Exploring, drilling and completing hydrocarbon and other wells are generally complicated, time consuming and ultimately very expensive endeavors. In recognition of these expenses, added emphasis has been placed on efficiencies associated with well completions and maintenance over the life of the well. Along these lines, added emphasis has been placed on well logging, profiling and monitoring of conditions from the outset of well operations. Whether during interventional applications or at any point throughout the life of a well, detecting and monitoring well conditions has become a more sophisticated and critical part of well operations and maintenance.
Such access to the well is often provided by way of coiled tubing. Coiled tubing may be used to deliver interventional or monitoring tools downhole and it is particularly well suited for being driven downhole through a horizontal or tortuous well, to depths of perhaps several thousand feet, by an injector head at the surface of the oilfield. Thus, with these characteristics in mind, the coiled tubing will also generally be of sufficient strength and durability to withstand such applications.

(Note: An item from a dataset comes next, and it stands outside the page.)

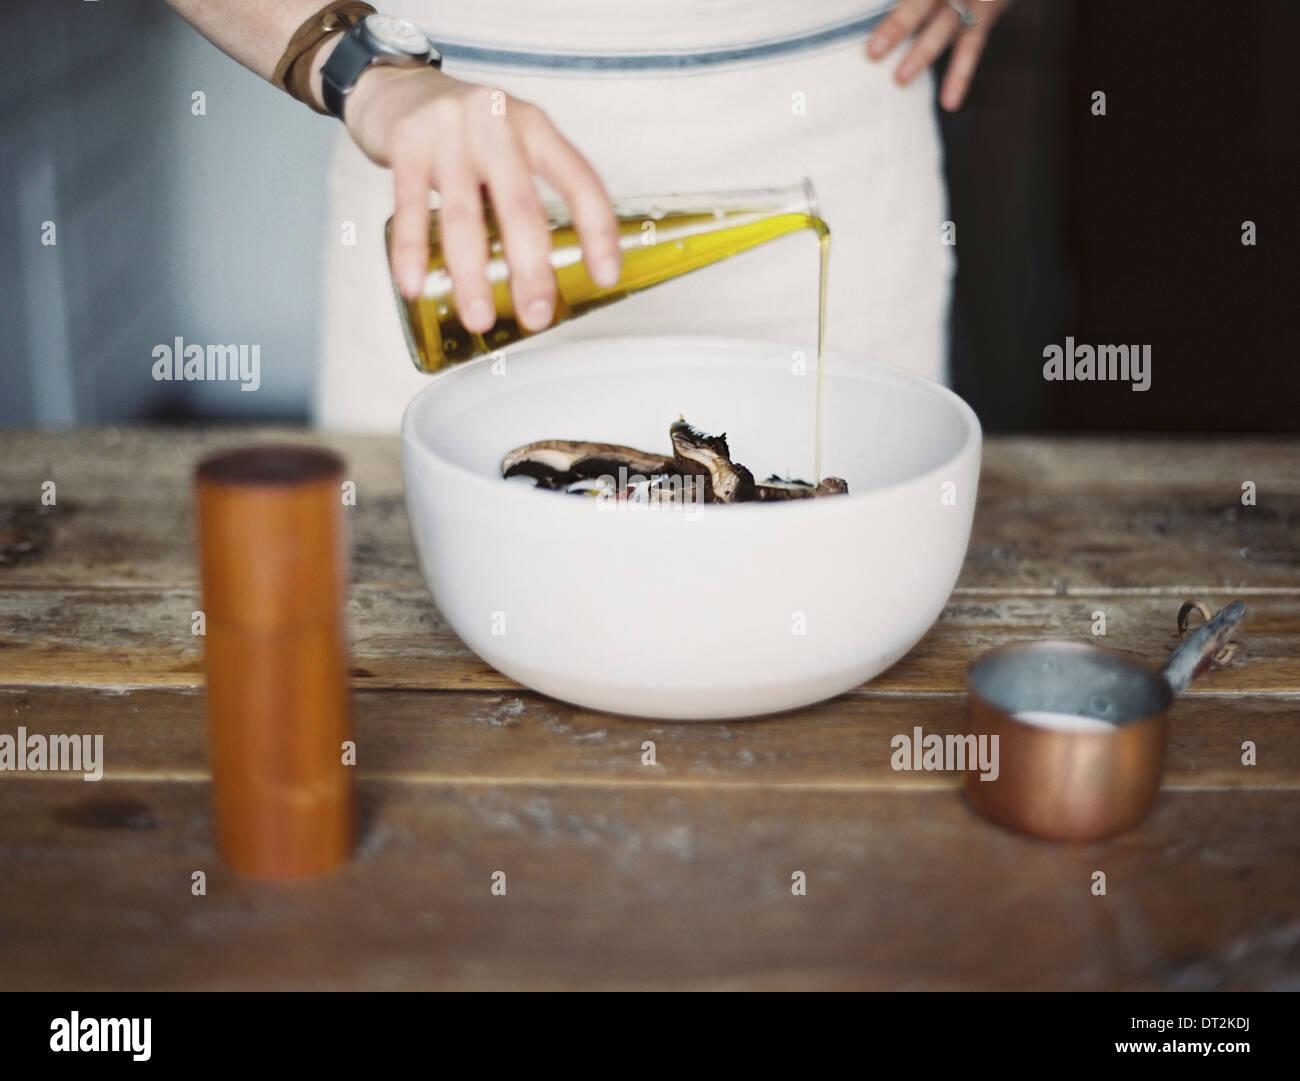 Eine häusliche Küche A Frau trägt eine Schürze, einen frischen Salat Gemüse in einer Schüssel mit Öl dressing Stockbild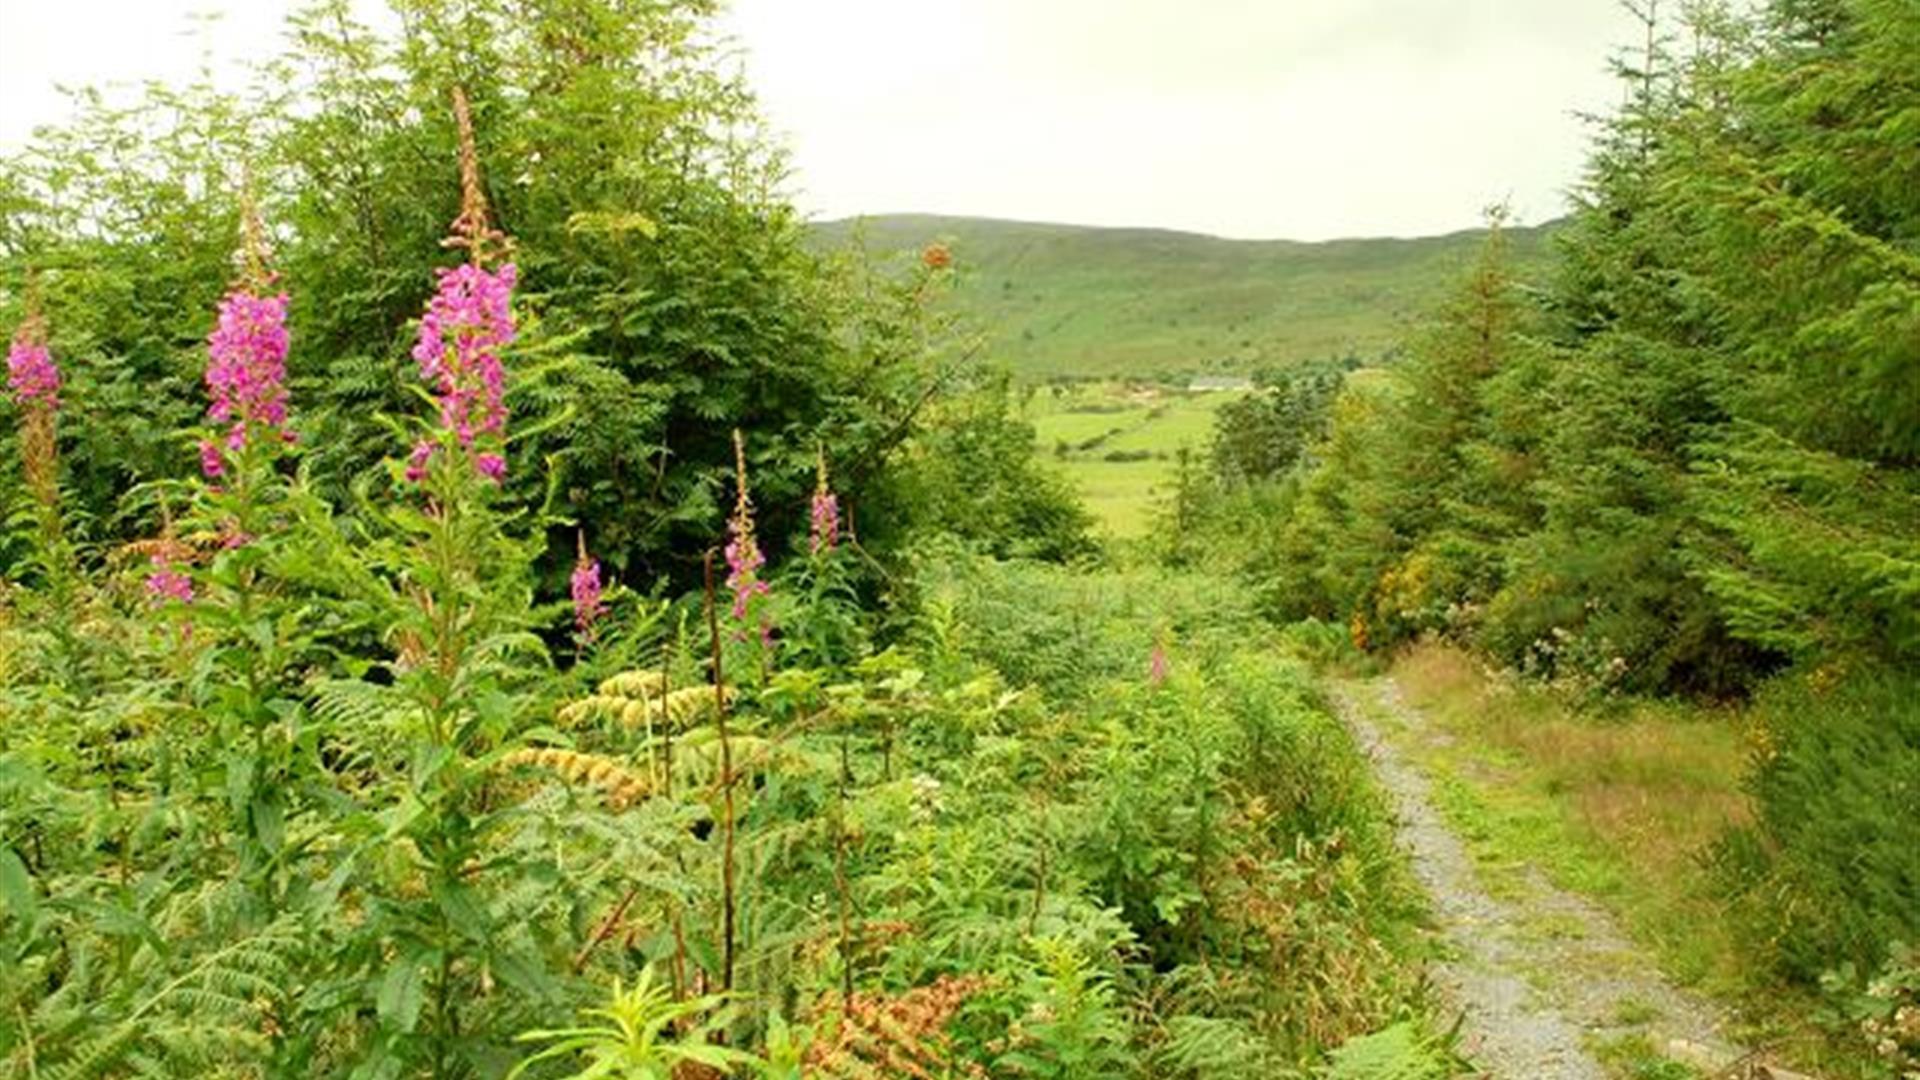 Drumkeeragh Forest Park

In addition to providing access generally, coiled tubing may be utilized as a platform for carrying passive sensing capacity. For example, a fiber optic line may be run through the coiled tubing interior and utilized to acquire temperature and acoustic information from within the well. This is often referred to as providing, among other types of distributed measurements, distributed temperature sensing (DTS) and/or heterodyne distributed vibration sensing (hDVS) capacity. In this manner, the deployment of coiled tubing into the well for a given application may also result in providing such additional information in a relatively straight forward manner without any undue requirement for additional instrumentation or effort.
By the same token, given the capacity of the coiled tubing to carry a telemetric line, fiber optics may be utilized for sake of communication, for example, between oilfield equipment and a downhole application tool (e.g. at the bottom end of the coiled tubing). That is, while a more conventional electric cable may also be utilized for communications, there may be circumstances where a fiber optic line is preferred. For example, an electric cable capable of providing two-way communications between oilfield equipment and a downhole application tool may be of comparatively greater size, weight, and slower communication speeds as compared to a fiber optic telemetric line. This may not be of dramatic consequence when the application run is brief and/or the well is of comparatively shallower depths, say below about 10,000 feet. However, as wells of increasingly greater depths and deviation, such as beyond about 20,000 feet or so with a horizontal completion, become more and more common, the difference in time required to run the application as well as the weight of the extensive electrical cable may be quite significant. In some cases it may simply be impossible to use a coiled tubing unit equipped with electrical cable. The comparative greater size and weight of the electric cable may also further complicate installation and maintenance of the electric line as compared to fiber optics.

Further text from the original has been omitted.